A comunidade, nesse contexto, aparece como o desejo desesperado de fugir dessa realidade, criando espécie de “ilhas”, de “oásis”, numa realidade assombrosa que não permite

a vida autêntica entre os homens. Tal desespero provocava o desejo por retornar as antigas comunidades, nos moldes primitivos. Buber (2012) discorda desse tipo de retorno, visto que exclui a realidade concreta. Para ele, a comunidade deve ser renovada dentro do contexto vivido, não como uma redoma que se protege da sociedade. Conforme Santiago (2012), o projeto de sociedade manifestado por Buber expressa “a preocupação com a unidade entre o que se apresenta como projeto futuro e as formas de vida necessárias à consolidação dele. É na realidade concreta que se pode compreender e encontrar respostas alternativas” (p. 169).

Com efeito, há Estados que possibilitam a constituição da comunidade, como a Pólis, na qual suas estruturas permitiam a relação imediata entre os homens; e outros que não favorecem tal realidade, como o Estado ocidental moderno, que é centralizador e torna dispersa e líquida toda autêntica forma de comunidade. O Estado centralizador é aquele que alimenta o desejo por aquilo que ainda não possui, e quando possui deseja mais e mais; é opressor quando se revoltam contra ele, e age com coerção com aqueles que tentam se esquivar de seus comandos. Para Buber (2012) esse Estado real indica, com uma linha, até que ponto se pode viver em comunidade. Em suas palavras:

O Estado é o status, a situação, a condição peculiar da não-realização da verdadeira comunidade. É a linha que se desloca incessantemente, para usar uma expressão brusca, indicando o grau de coerção que deve existir e de que maneira ela existe. Esta situação, esta linha que mostra até que ponto os homens são livres e capazes, não deve ser concebida como linha de progresso. Esta linha mutável para cima ou para baixo é também, talvez, uma linha ascendente da possibilidade de realização da comunidade, da capacidade de o homem se encontrar com seu semelhante, a linha da espontaneidade, do encontro, da aptidão para viver com o outro e para o outro (BUBER, 2012, p. 72).

A linha que existe entre comunidade e Estado é abordada por Buber não no sentido apenas das estruturas sociais e comunitárias, mas, especialmente, no sentido das relações, das atitudes dos sujeitos. Tal compreensão permite-nos entender o grau de coerção que o Estado assume sobre a vida humana, envolvendo o homem de modo tão intenso que o ilude com a ideia de progresso que marca o discurso da modernidade, enquanto tira dele sua liberdade e capacidade de relação. A ideia de estar sendo favorecido pelo progresso moderno é tão inebriante que o homem passa a ser dominado pela mão invisível do Estado, achando que é livre e autônomo. A força coercitiva do Estado passa a determinar aquilo que pode ou não ser feito na sociedade, e o maior critério para essa decisão é o benefício que isso trará para o Estado.
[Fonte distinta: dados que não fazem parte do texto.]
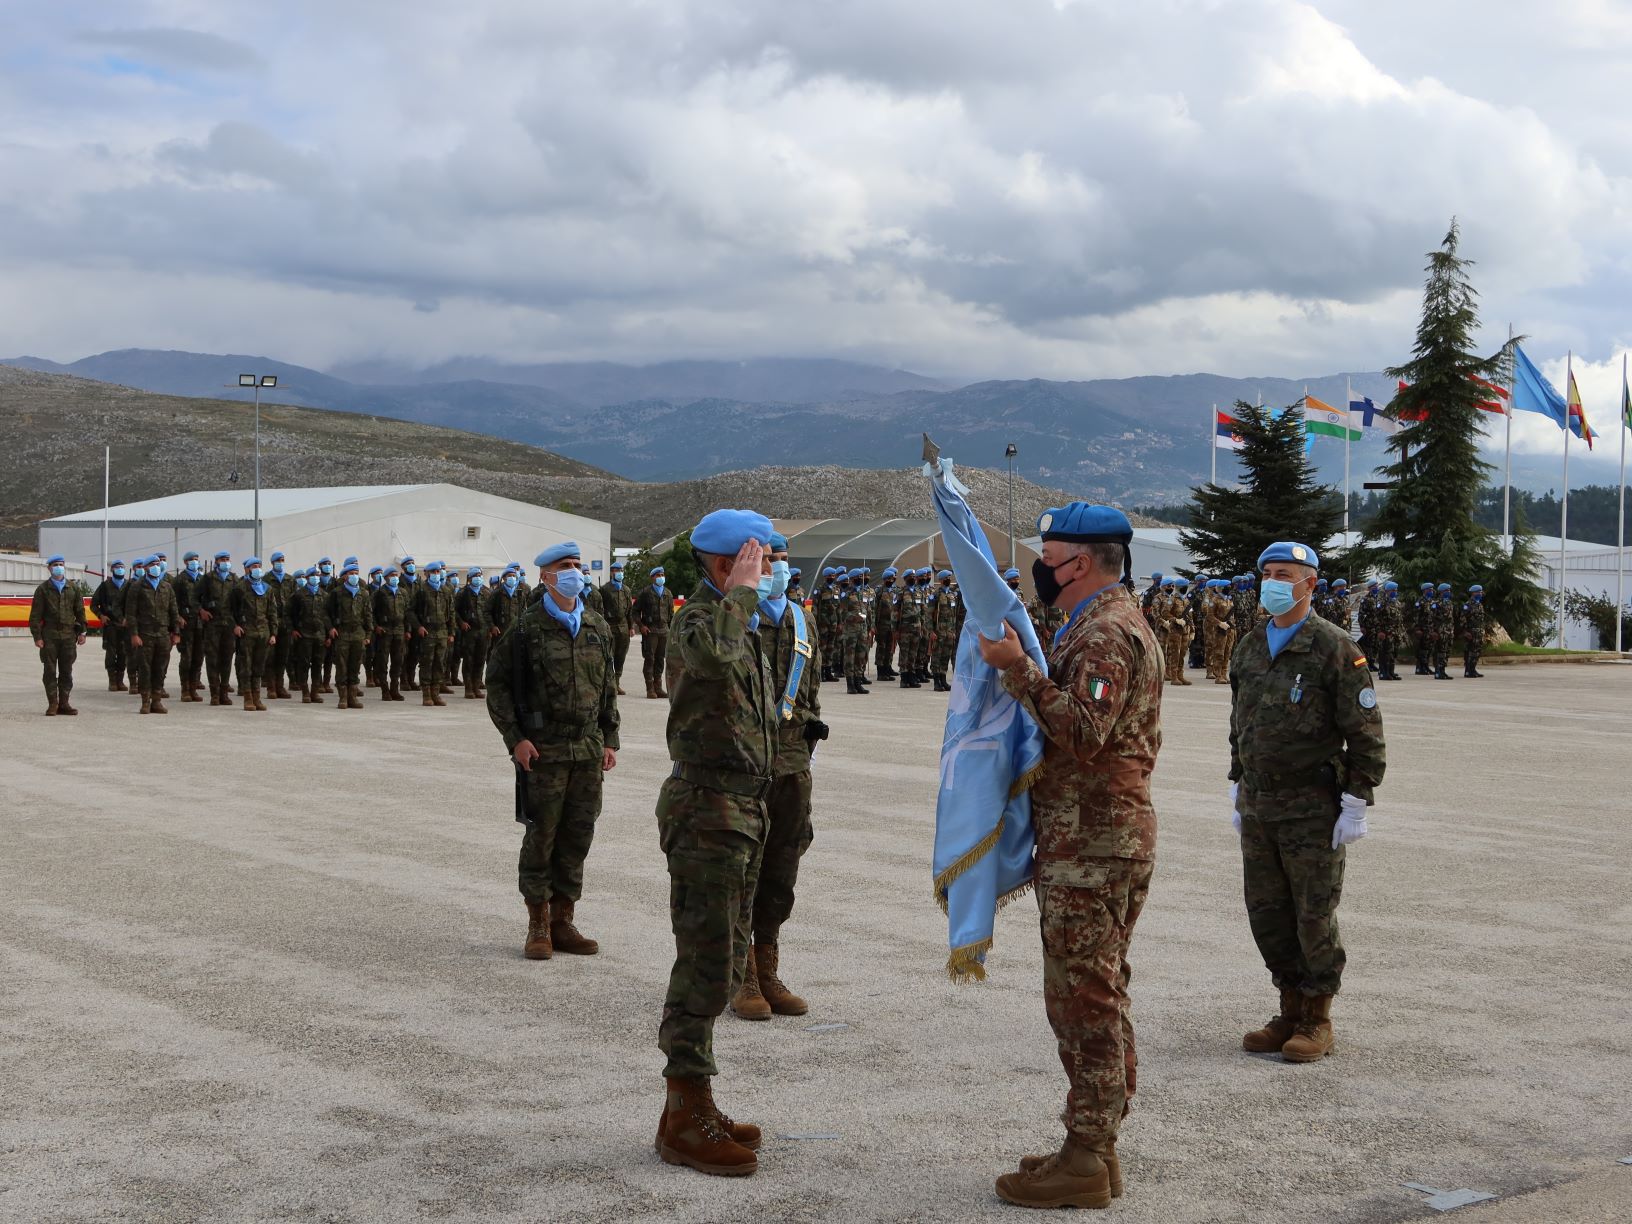 Brigade “Guadarrama” XII takes over UNIFIL's Sector East Command Post

No entanto, apesar da dura realidade, Buber é esperançoso e nos aponta para a possibilidade de superação do Estado, enquanto status, isto é, aquele que está dentro de nós e

enquanto órgão político, pelo contrário, na perspectiva buberiana, somente pela política, na realidade da vida pública é possível se constituir a autêntica comunidade. Aquela que “se baseia sobre a verdadeira vida em comum dos homens, sobre a relação imediata entre eles, é a célula do sistema comunitário” (BUBER, 2012, p. 74).
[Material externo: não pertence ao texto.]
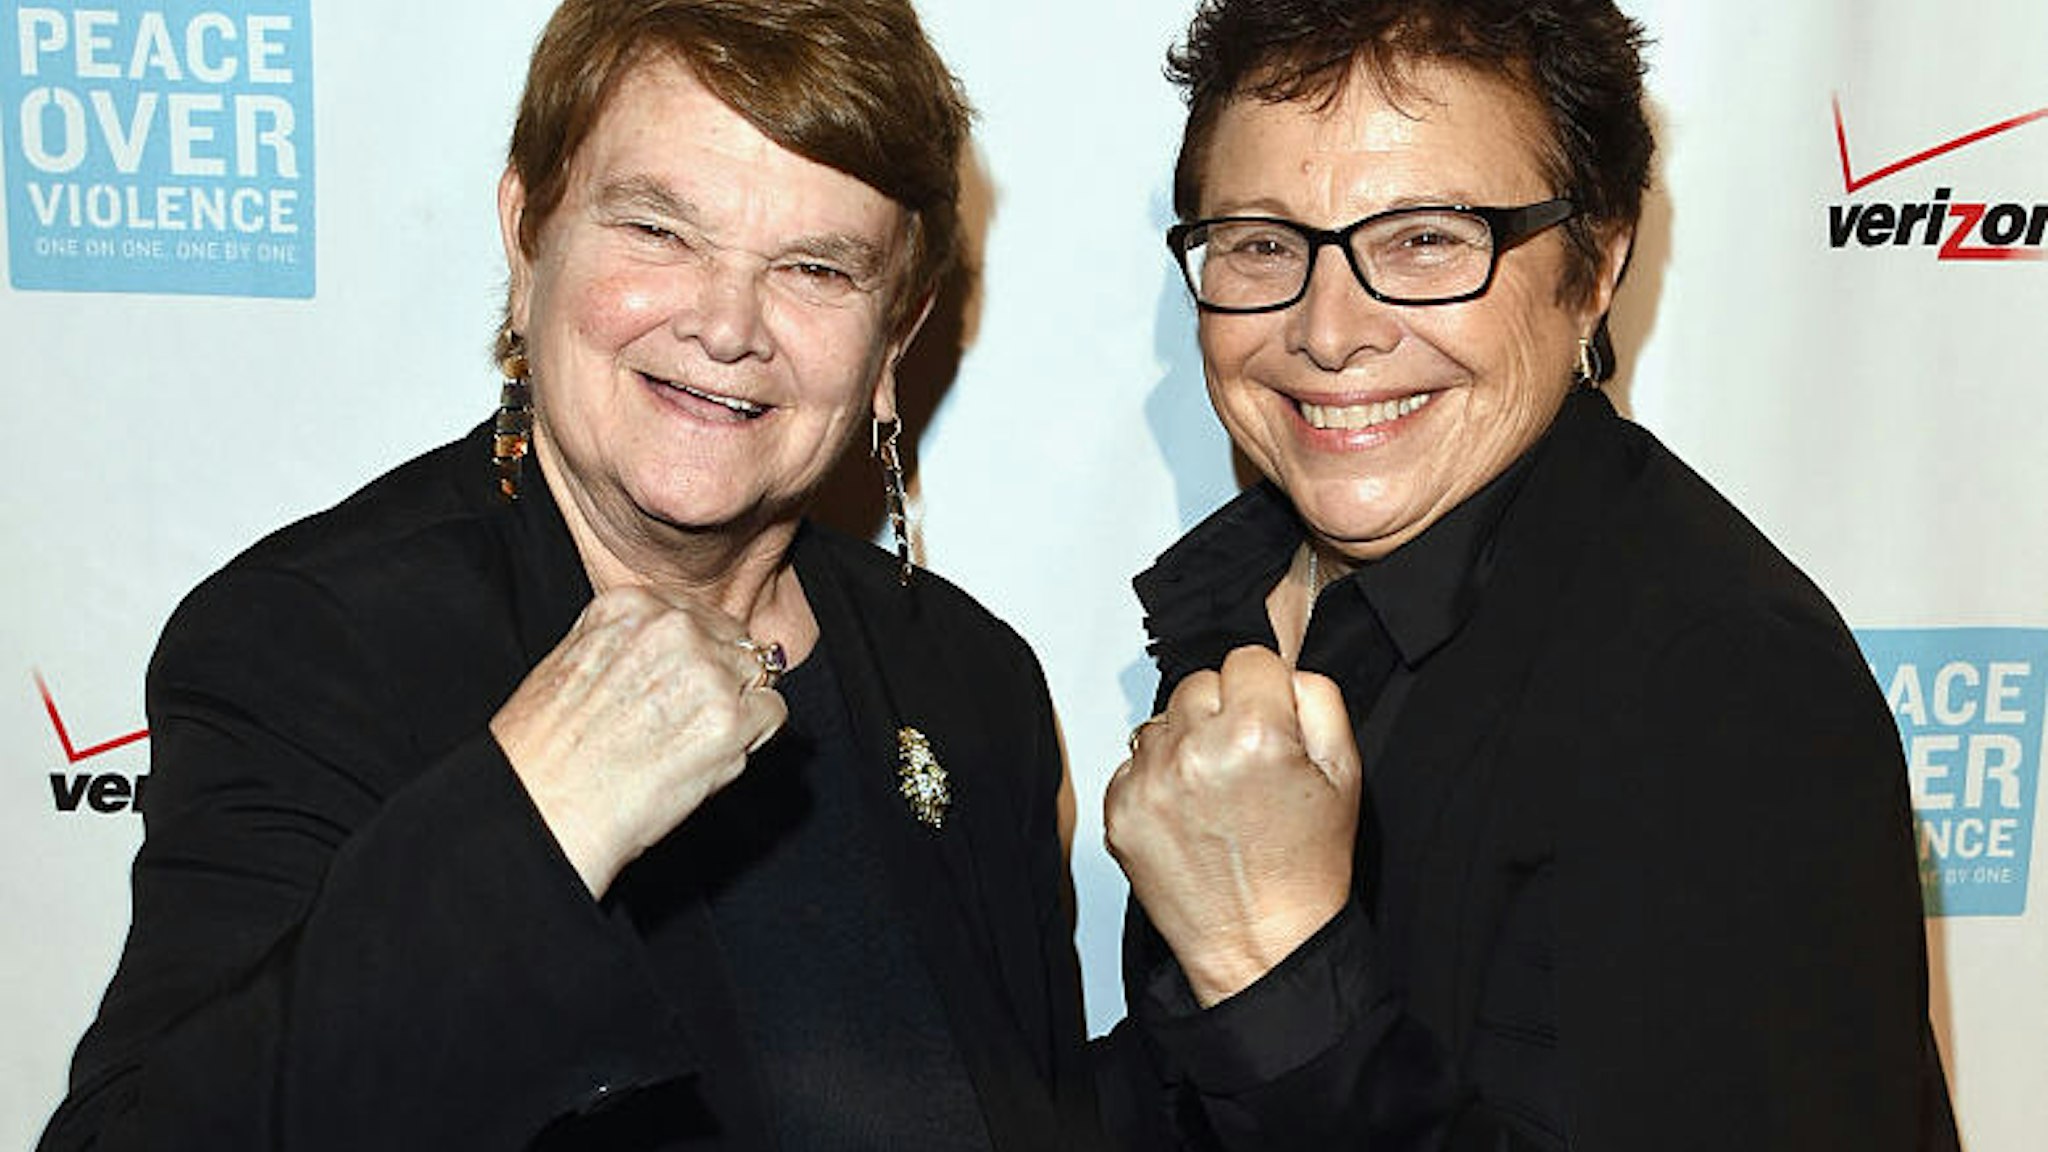 LOS ANGELES, CA - OCTOBER 16: LA County Board of Supervisors Sheila Kuehl and Executive Director of Peace Over Violence Patti Giggans attend The 44th Annual Peace Over Violence Humanitarian Awards at Dorothy Chandler Pavilion on October 16, 2015 in Los Angeles, California. (Photo by Jason Merritt/Getty Images for Peace Over Violence)

Para constituir uma comunidade nessa realidade, Buber (2012) indica três passos possíveis para iniciar tal concretização. O primeiro é “iniciar pela relação do homem

individual com as realidades comunitárias” (p. 77); de modo que, cada pessoa se envolva

com uma comunidade, seja organizacional, seja institucional, como a família, o trabalho; que embora em crise, podem colocar o homem em relação imediata com o Outro. Isso nos leva a entender a preocupação do autor em não isolar o homem, tendência forte da modernidade, mas possibilitar encontros com outros homens para criar situações para a relação autêntica que não se enquadra em nenhuma estrutura, simplesmente acontece. O segundo passo, então, é não fugir da crise que assola as relações, mas “penetrar na crise da comunidade com sua

vida pessoal” (p. 77-78), ou seja, deixar-se atingir por todo conflito e tensão provocado pelas

relações, não desejando ocultá-los ou ter medo deles, mas enfrentar as questões profundas do ser humano. O terceiro passo é “uma mudança na relação existente entre vida pública e vida

privada” (p. 78), ao passo que enquanto os relacionamentos utilitários fizerem parte da vida

pública e dominarem a política, o mal do Estado permanecerá; mas, quando as relações inter- humanas, baseadas na totalidade da vida saírem do privado e ascenderem para o público a comunidade, enquanto princípio relacional, atingirá o Estado.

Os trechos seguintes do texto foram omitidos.